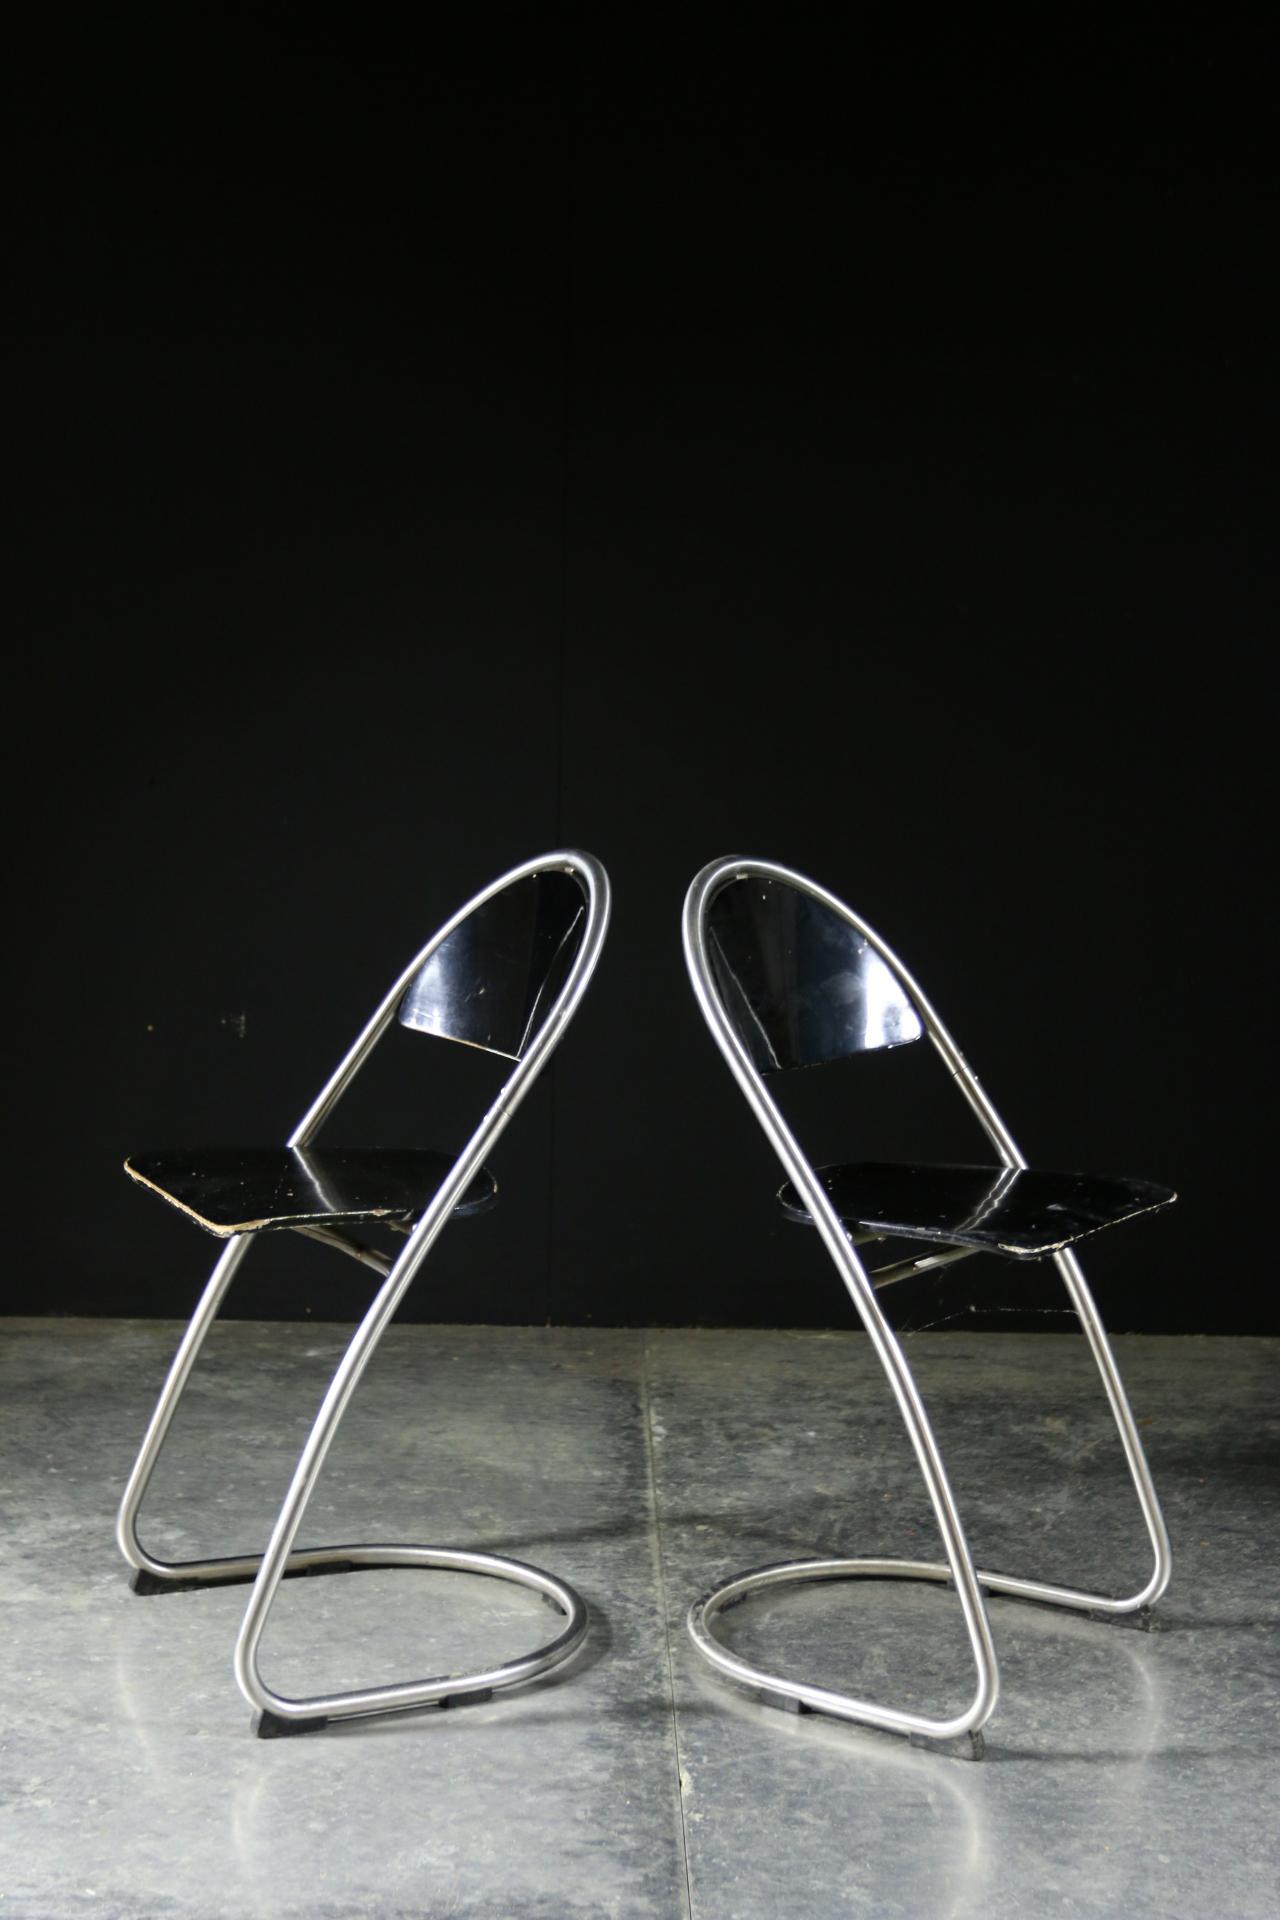 Bijzondere Design Stoelen.Zeer Bijzondere Vintage Design Buisframe Stoelen Dehuiszwaluw
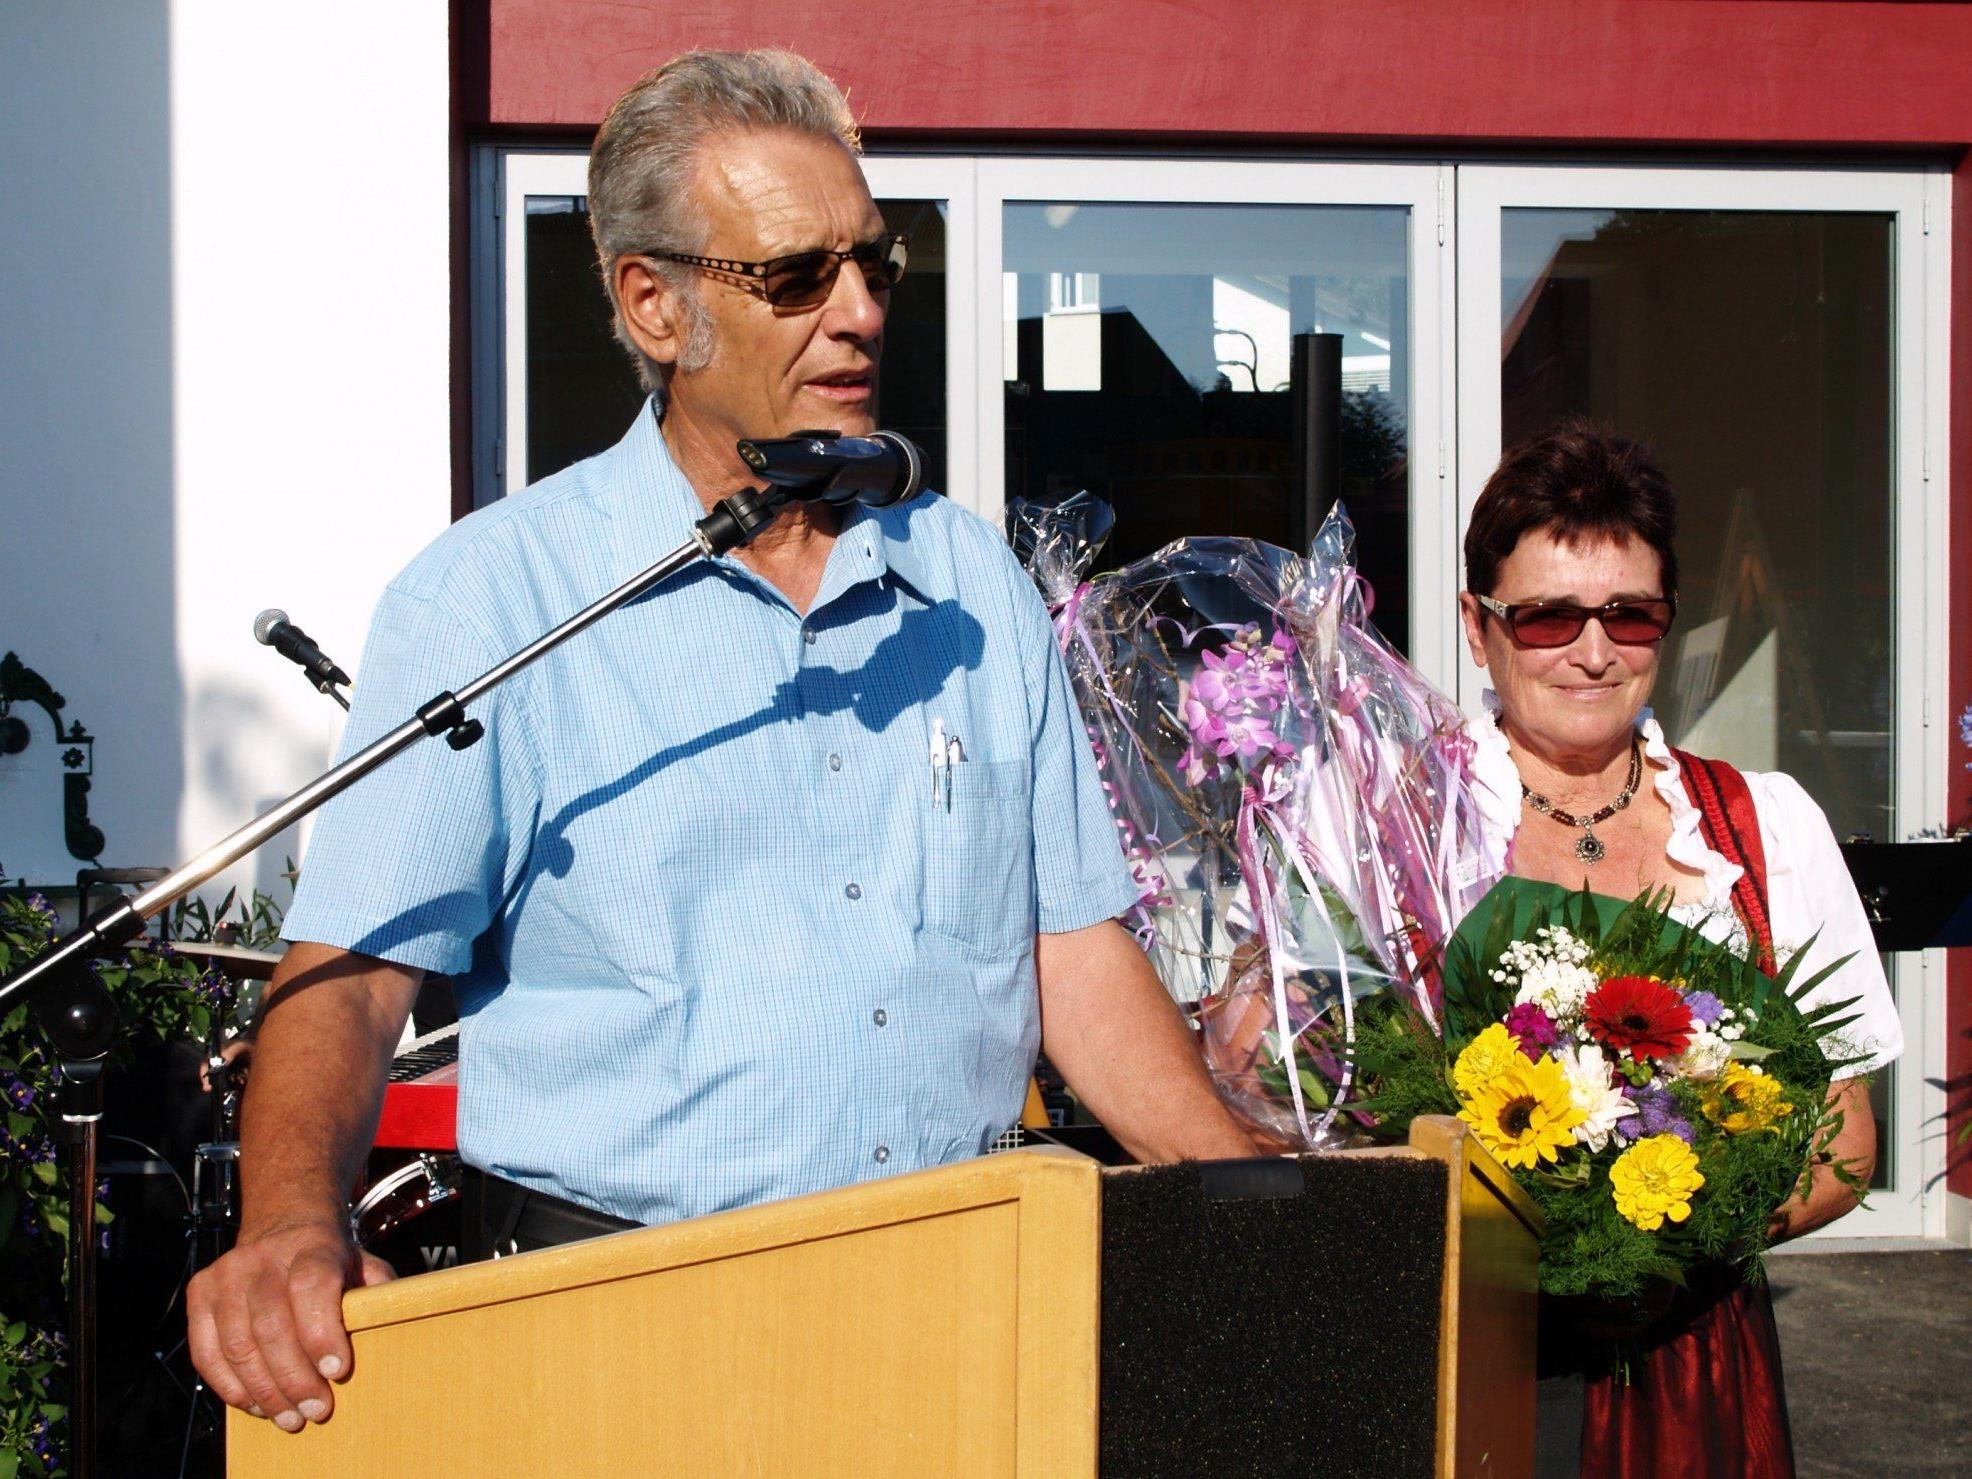 Zur Neueröffnung der Kleboth-Mühle konnten Berta und Oswald Tschugmell zahlreiche Gäste begrüßen.
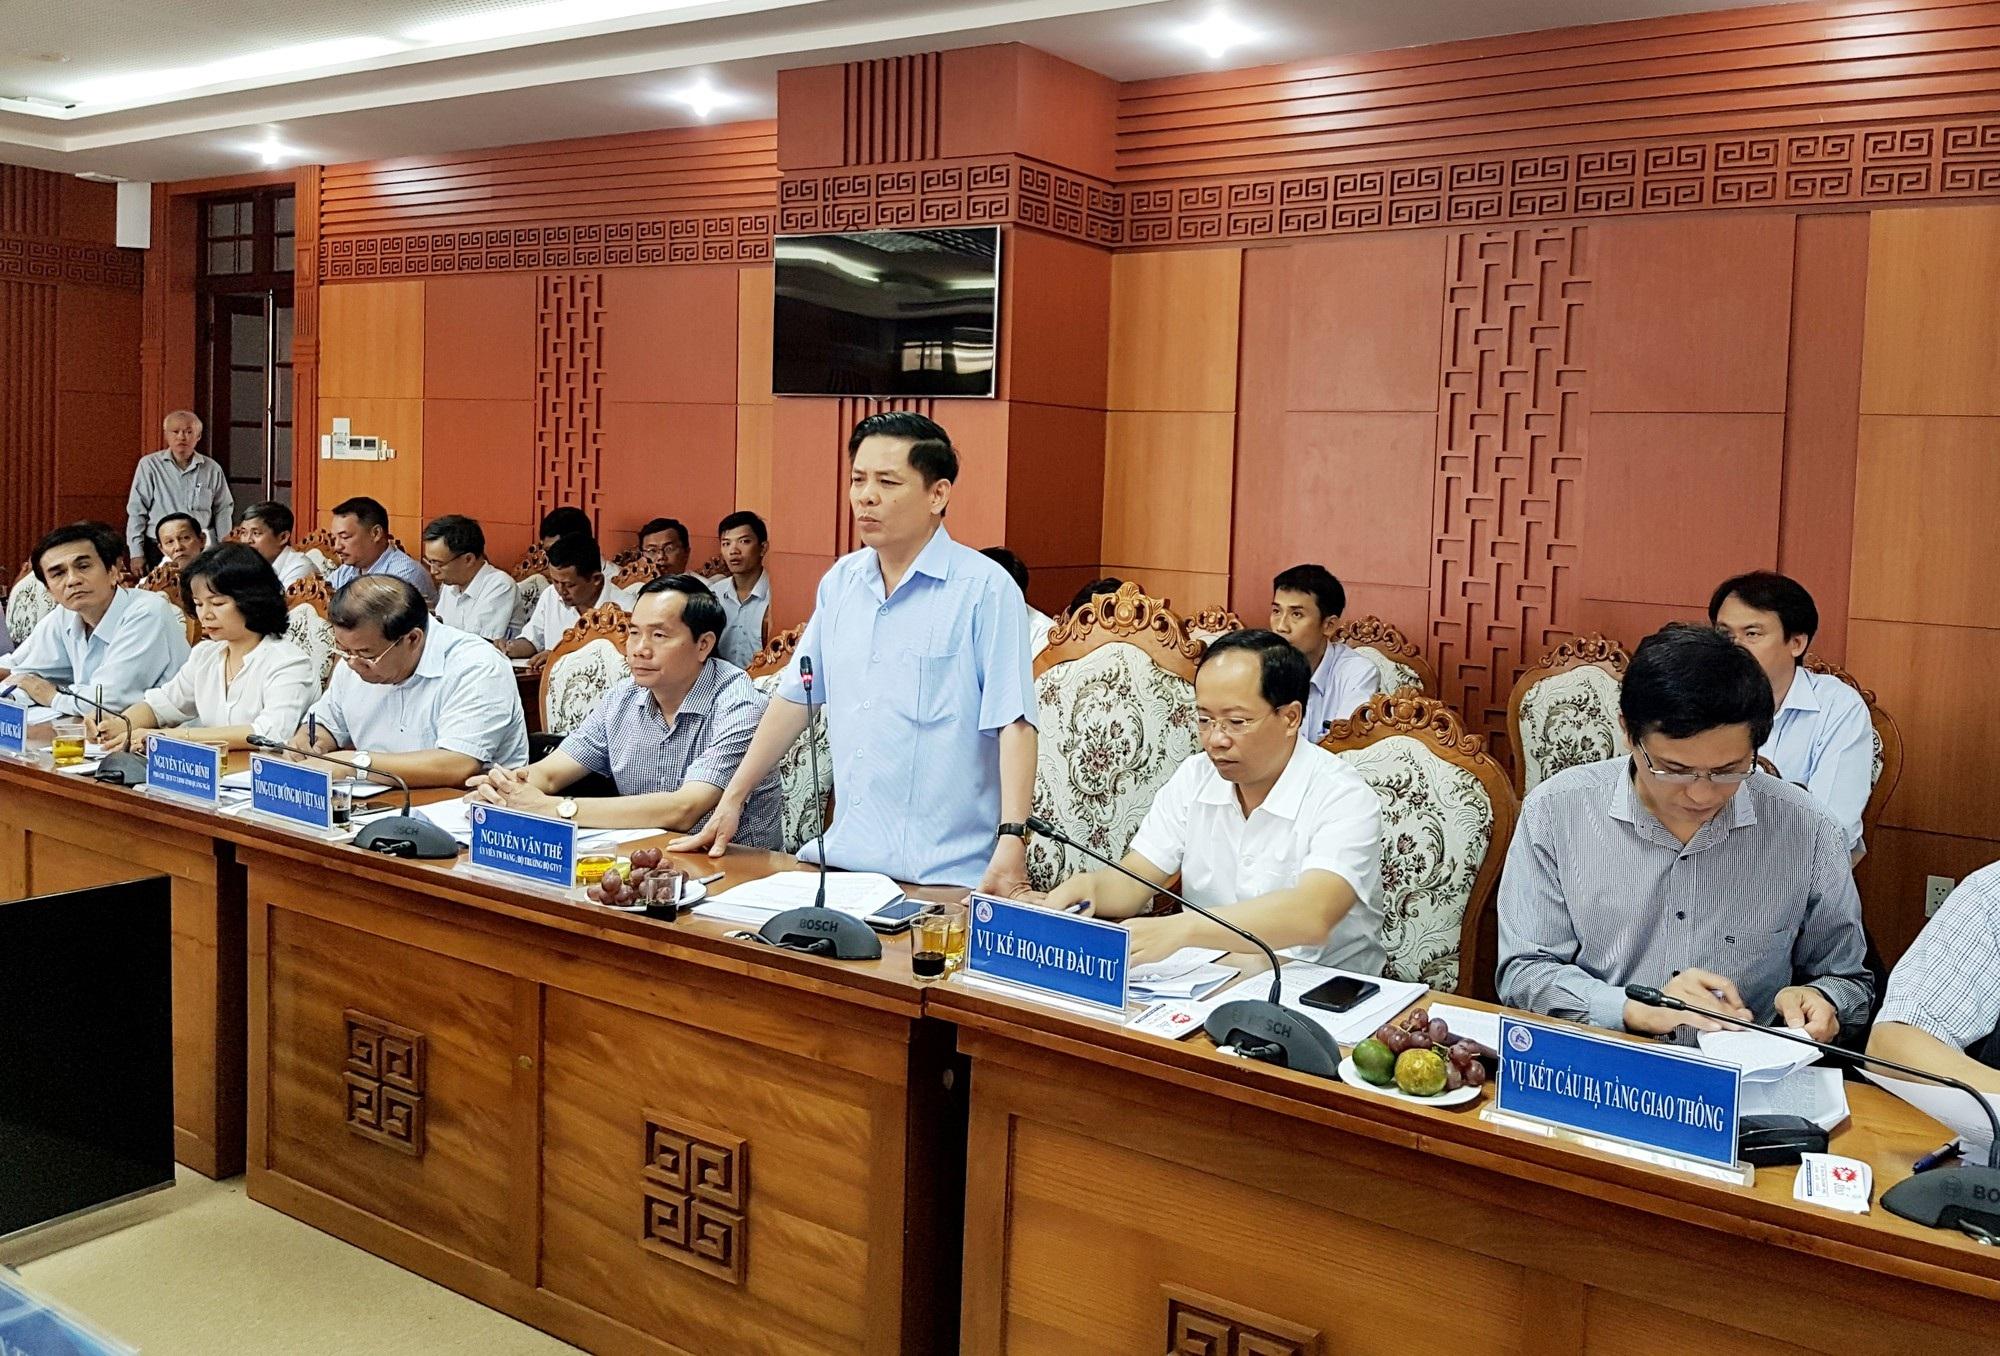 Bộ trưởng GTVT Nguyễn Văn Thể làm việc với các địa phương và chủ đầu tư dự án cao tốc Đà Nẵng – Quảng Ngãi sáng 3/8

Directions for this task. Repeat the material above in full and exactly, apart from the pictures.

Response to this task.
 Bijzondere Design Stoelen.Zeer Bijzondere Vintage Design Buisframe Stoelen Dehuiszwaluw
 Zur Neueröffnung der Kleboth-Mühle konnten Berta und Oswald Tschugmell zahlreiche Gäste begrüßen.
 Bộ trưởng GTVT Nguyễn Văn Thể làm việc với các địa phương và chủ đầu tư dự án cao tốc Đà Nẵng – Quảng Ngãi sáng 3/8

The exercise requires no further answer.